Petitioner James Bowell is serving an indeterminate sentence of 25 years to life as a result of a 2000 conviction for failure to register as a sex offender (former Pen. Code, § 290, subd. (g)(2); now codified as Pen. Code, § 290.018, subd. (b).). He contends that regulations adopted by the CDCR, in furtherance of its obligations under Proposition 57, improperly exclude him from parole consideration pursuant to Proposition 57. We agree. Accordingly, we grant the petition.
All further statutory references are to the Penal Code, unless otherwise specified.
FACTUAL AND PROCEDURAL BACKGROUND
In 1991, Bowell was convicted of assault with intent to rape (§ 220), which is a registrable offense pursuant to the Sex Offender Registration Act (§ 290, subd. (c)). Bowell was released on parole in October 1997, and registered as a sex offender in November 1997. In 1998, Bowell violated parole and was returned to state prison. Paroled again in 1999, Bowell fled California. He was arrested in Nevada in April 1999. In September 1999, Bowell was charged with one count of failure to register as a sex offender, and on September 1, 2000, Bowell was convicted after a jury trial. After a bench trial relating to his prior convictions, Bowell was found to have four prior felony convictions for which he served prison terms (§ 667.5, subd. (b)), as well as three prior felony convictions under the Three Strikes law (§§ 667, subds. (b)-(i), 1170.12, subds. (a)-(d)). Bowell was sentenced to a third strike sentence of 25 years to life. We affirmed the judgment on August 27, 2001. (People v. Bowell (Aug. 28, 2001, B144266) [nonpub. opn.].) The sentencing range for the offense of failure to register as a sex offender, without consideration of the Three Strikes law, would have been 16 months, two years, or three years. (Former § 290, subd. (g)(2).)

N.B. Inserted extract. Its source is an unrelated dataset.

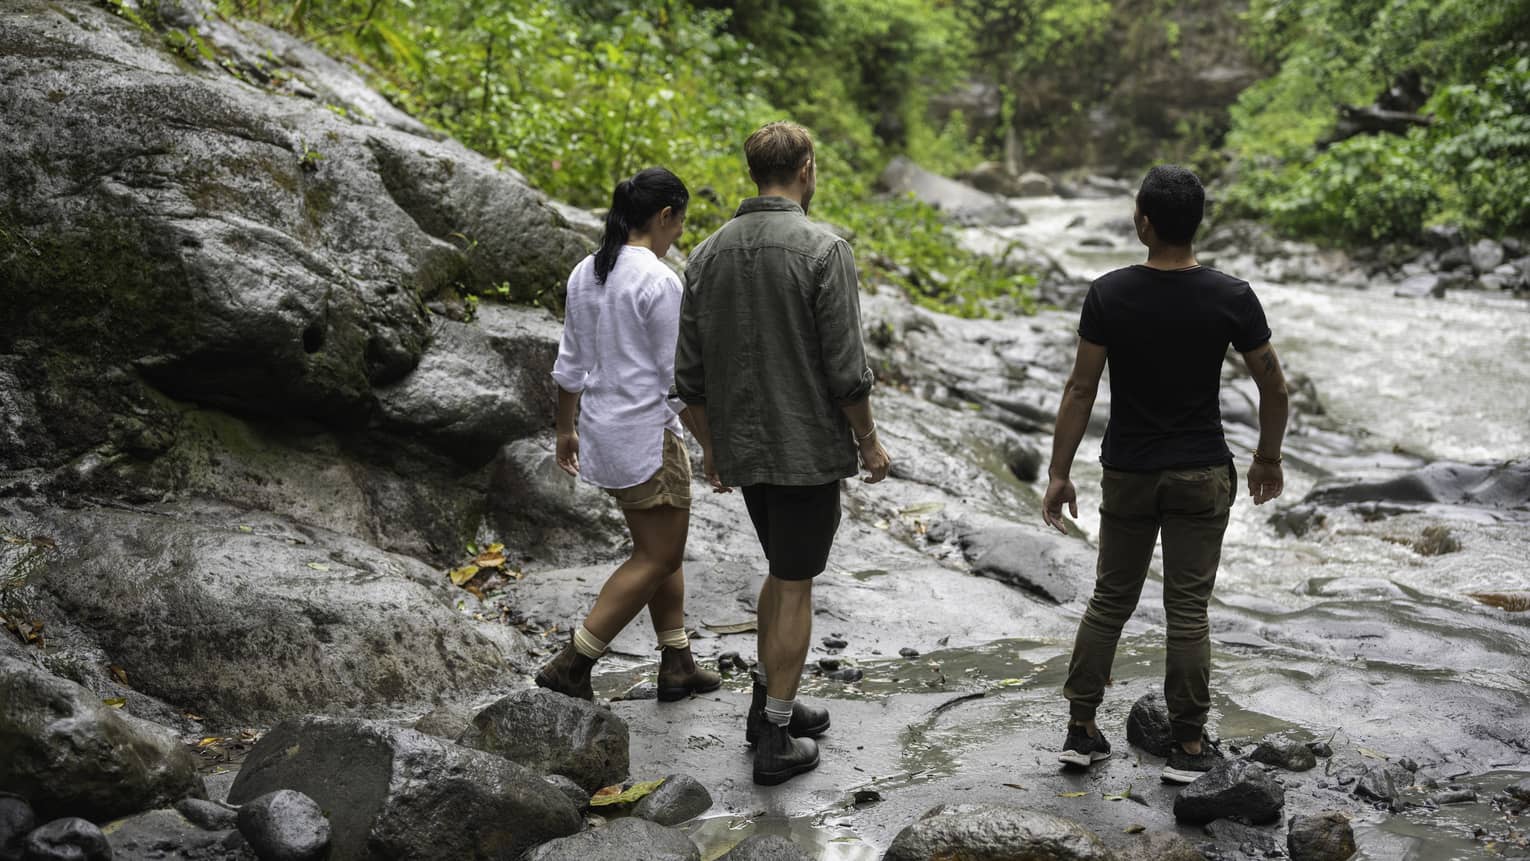 Three people walk along the rocks along the edge of a river

Bowell filed a petition for writ of habeas corpus on October 4, 2017, asserting that he is entitled to parole review pursuant to the terms of the initiative language in Proposition 57, and that emergency regulations promulgated by CDCR improperly excluded him from consideration. We appointed counsel and requested a supplemental petition. Bowell, through his appointed counsel, filed a supplemental petition on December 11, 2017. Informal opposition to the petition was filed by the Attorney General, on behalf of CDCR, on February 22, 2018, and Bowell filed a reply on March 9, 2018. On April 26, 2018, we issued an order to show cause. The Attorney General filed a written return on May 23, 2018, and Bowell filed a traverse on June 20, 2018.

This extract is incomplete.